CUDA implementation of ggml_clamp

Question

CUDA implementation of ggml_clamp

jploski opened this issue 8 months ago · comments

ggml_clamp currently lacks a CUDA implementation, which is rather trivial, but something I ran into while porting MPT to llama.cpp. I have a ready implementation and will create a PR for it, referencing this issue.

Jan Ploski · Answer 1 · Sun Oct 01 2023 00:03:06 GMT+0800 (China Standard Time)

Hmm, I'm a bit confused as the internals (e.g. of ggml_scale) on ggml master branch look different than on llama.cpp master. llama.cpp's implementation of ggml-cuda.cu seems more recent (and cleaner looking, too). Will ggml eventually catch up to llama.cpp? (In that case I would contribute the patch on llama.cpp instead.)

slaren · Answer 2 · Sun Oct 01 2023 02:41:15 GMT+0800 (China Standard Time)

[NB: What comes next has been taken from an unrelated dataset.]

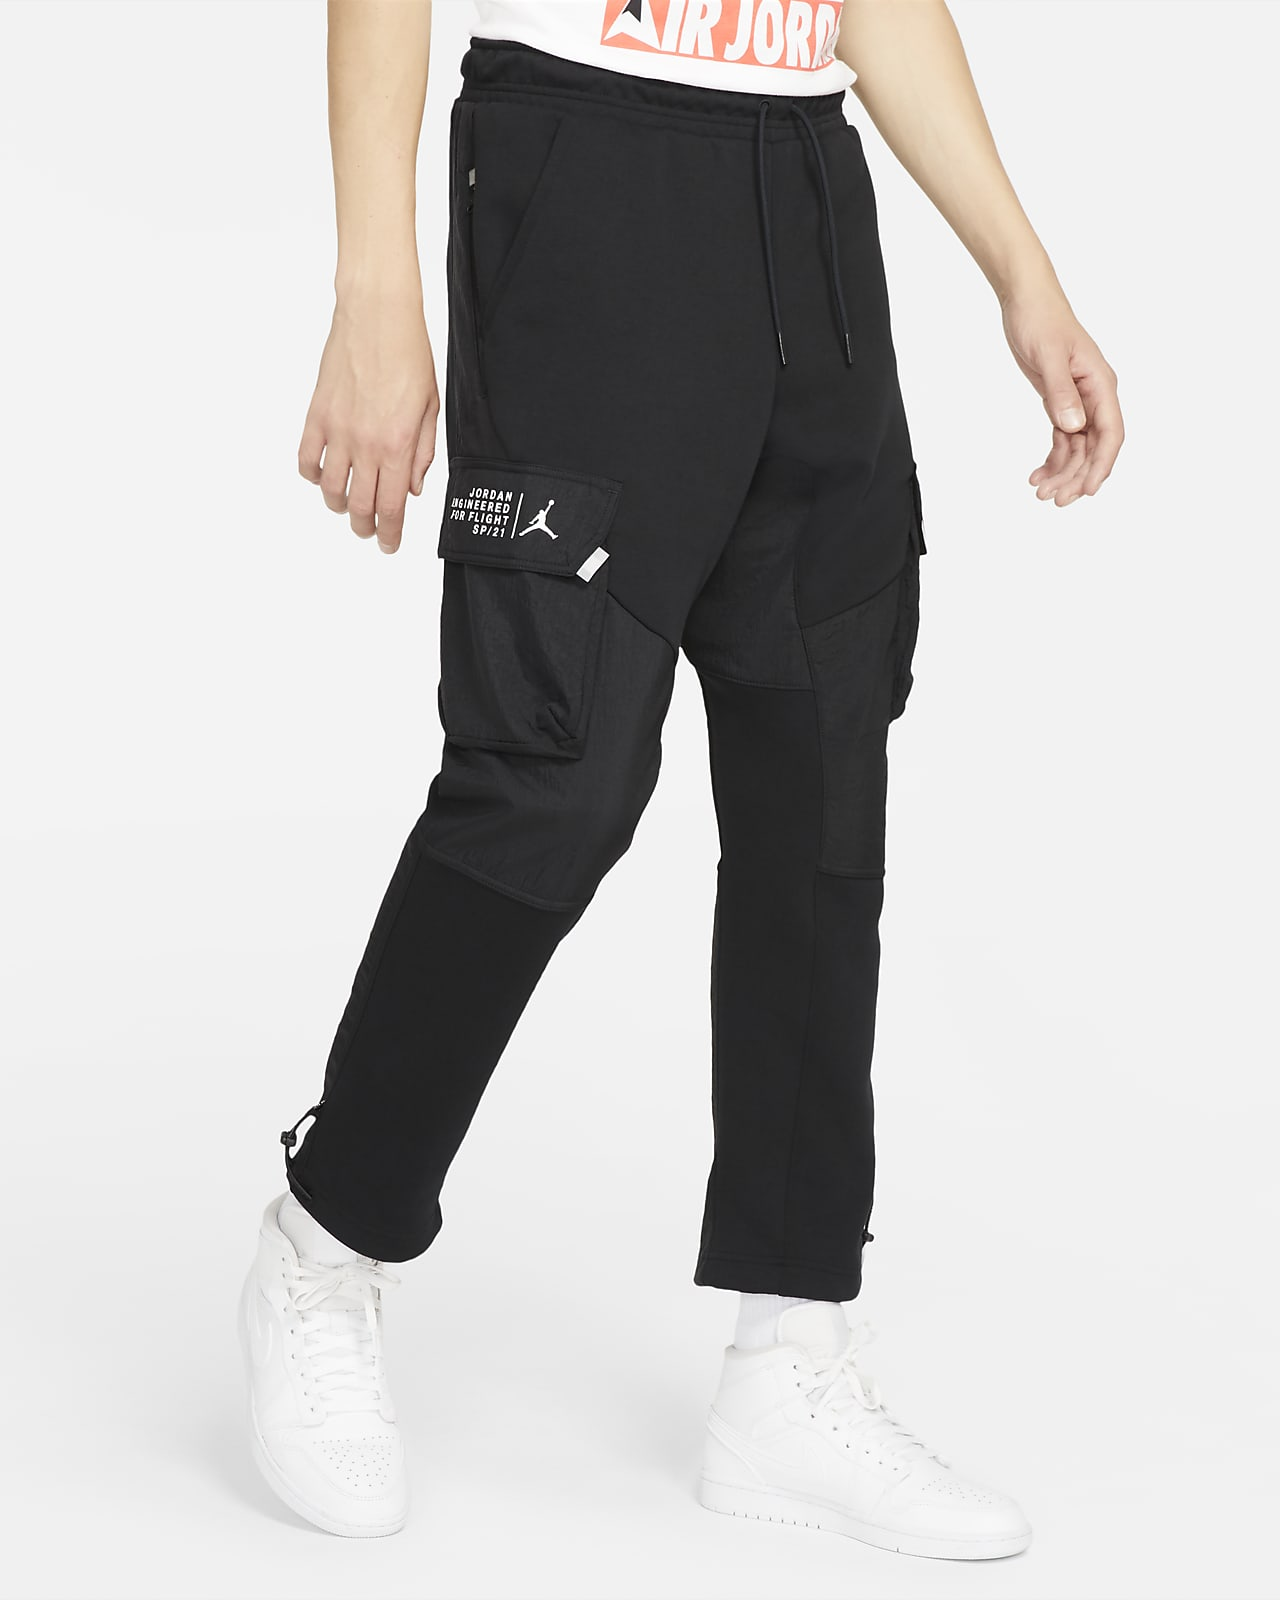 Pánské flísové kalhoty Jordan 23 Engineered

Most of the development of the CUDA backend happens in the llama.cpp repository, and the changes are merged here regularly. Opening the PR in the llama.cpp repository is fine, the changes will eventually end here. I see that the ggml_clamp implementation is already in your MPT PR in llama.cpp, so there is no need to open another PR here.

Jan Ploski · Answer 3 · Sun Oct 01 2023 02:42:33 GMT+0800 (China Standard Time)

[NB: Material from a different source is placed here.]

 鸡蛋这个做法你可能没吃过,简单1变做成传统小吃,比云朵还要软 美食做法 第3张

Most of the development of the CUDA backend happens in the llama.cpp repository, and the changes are merged here regularly. Opening the PR in the llama.cpp repository is fine, the changes will eventually end here. I see that the ggml_clamp implementation is already in your MPT PR in llama.cpp, so there is no need to open another PR here.

Thanks for clarifying - I thought it worked exactly the other way around.